Rennes - Bretagne Atlantique Research Center
Cloud & Big data
Data volumes are ever growing, for a large application spectrum going from traditional database applications, scientific simulations to emerging applications including Web 2.0 and online social networks. To cope with this added weight of Big Data, we have recently witnessed a paradigm shift in computing infrastructure through Cloud Computing and in the way data is processed through the MapReduce model. First promoted by Google, MapReduce has become, due to the popularity of its open-source implementation Hadoop, the de facto programming paradigm for Big Data processing in large-scale infrastructures. On the other hand, cloud computing is continuing to act as a prominent infrastructure for Big Data applications.

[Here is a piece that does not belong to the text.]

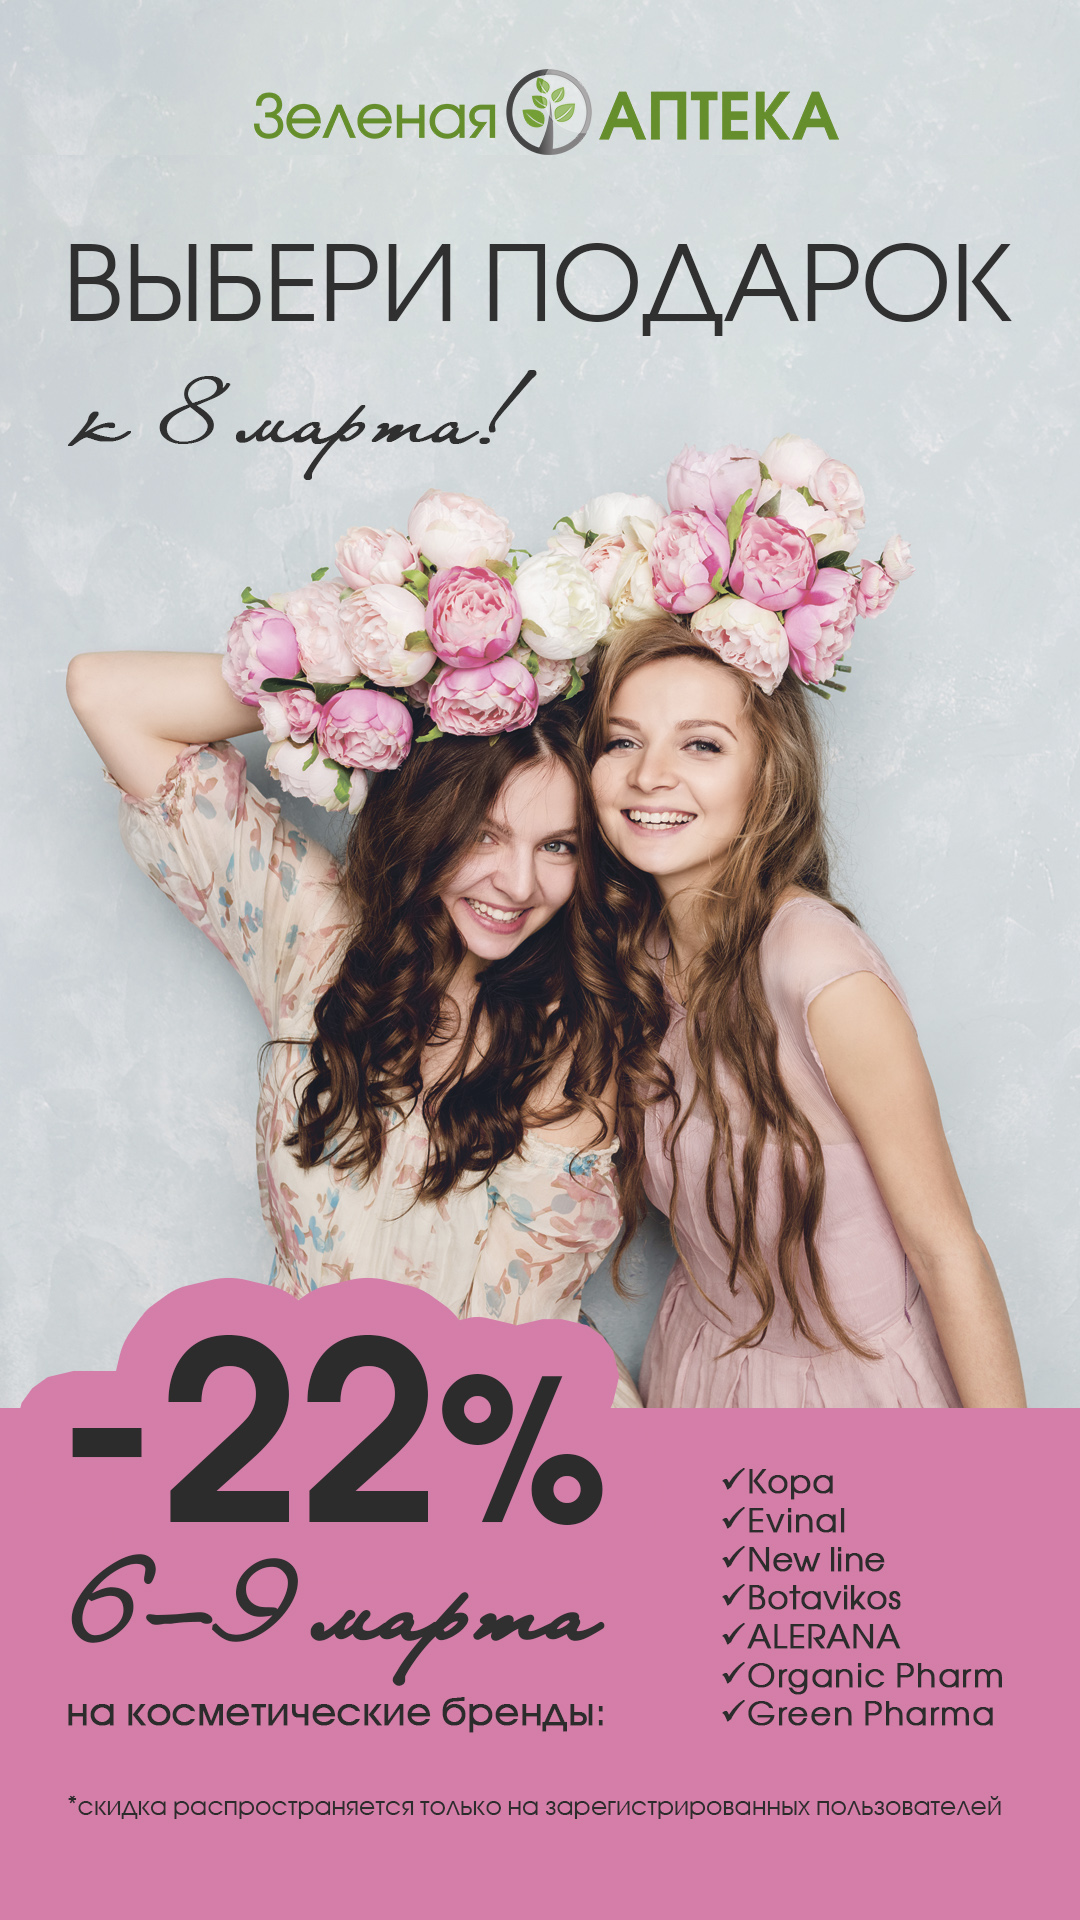 «Зялёная крама» дарит скидку -22% на косметические бренды только 6-9 марта!
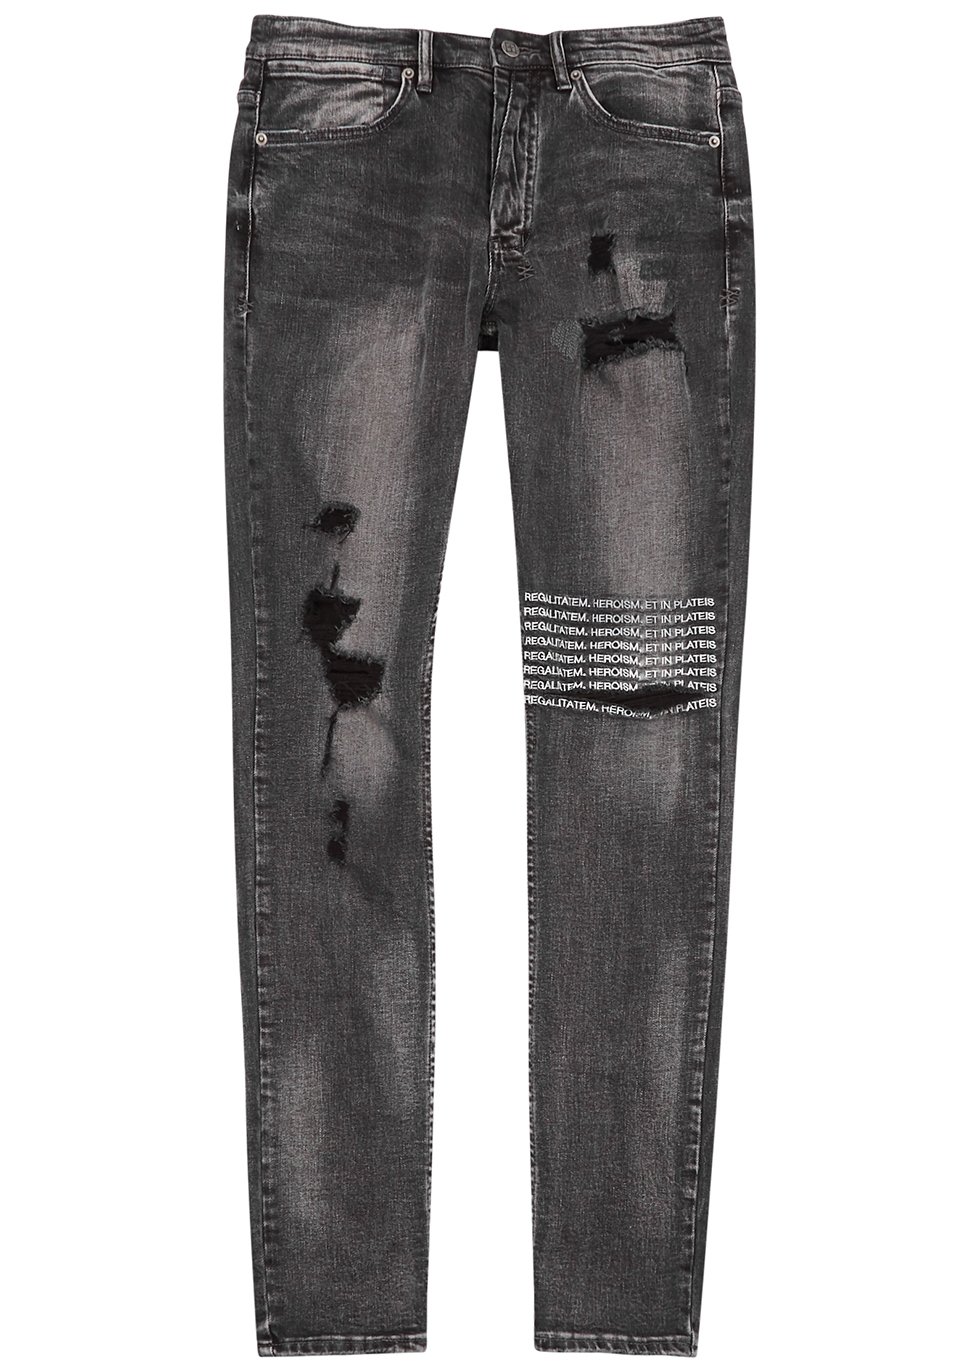 Van Winkle black distressed skinny jeans

The goal of this course is to serve as a first step towards exploring data analytics models and technologies used to handle Big Data such as MapReduce (and what’s after), Hadoop, Spark, Flink. An overview on Big Data including definitions, the source of Big Data, and the main challenges introduced by Big Data, will be presented. We will then present the MapReduce programming model as an important programming model for Big Data processing in the Cloud. Hadoop ecosystem and some of major Hadoop features will then be discussed. We will then discuss several approaches and methods used to optimise the performance of Hadoop in the Cloud. Finally, we will discuss the limitations of Hadoop and introduce new Big Data systems including Spark.
Several hand-ons could be provided to study the operation of Hadoop along with the implementation of MapReduce applications.
Course Schedule and Resources (a work in progress)
Lectures
- Introduction to Big data [pdf]
The goal of this lecture is to provide an overview on Big Data including definitions, the source of Big Data, and the main challenges introduced by Big Data.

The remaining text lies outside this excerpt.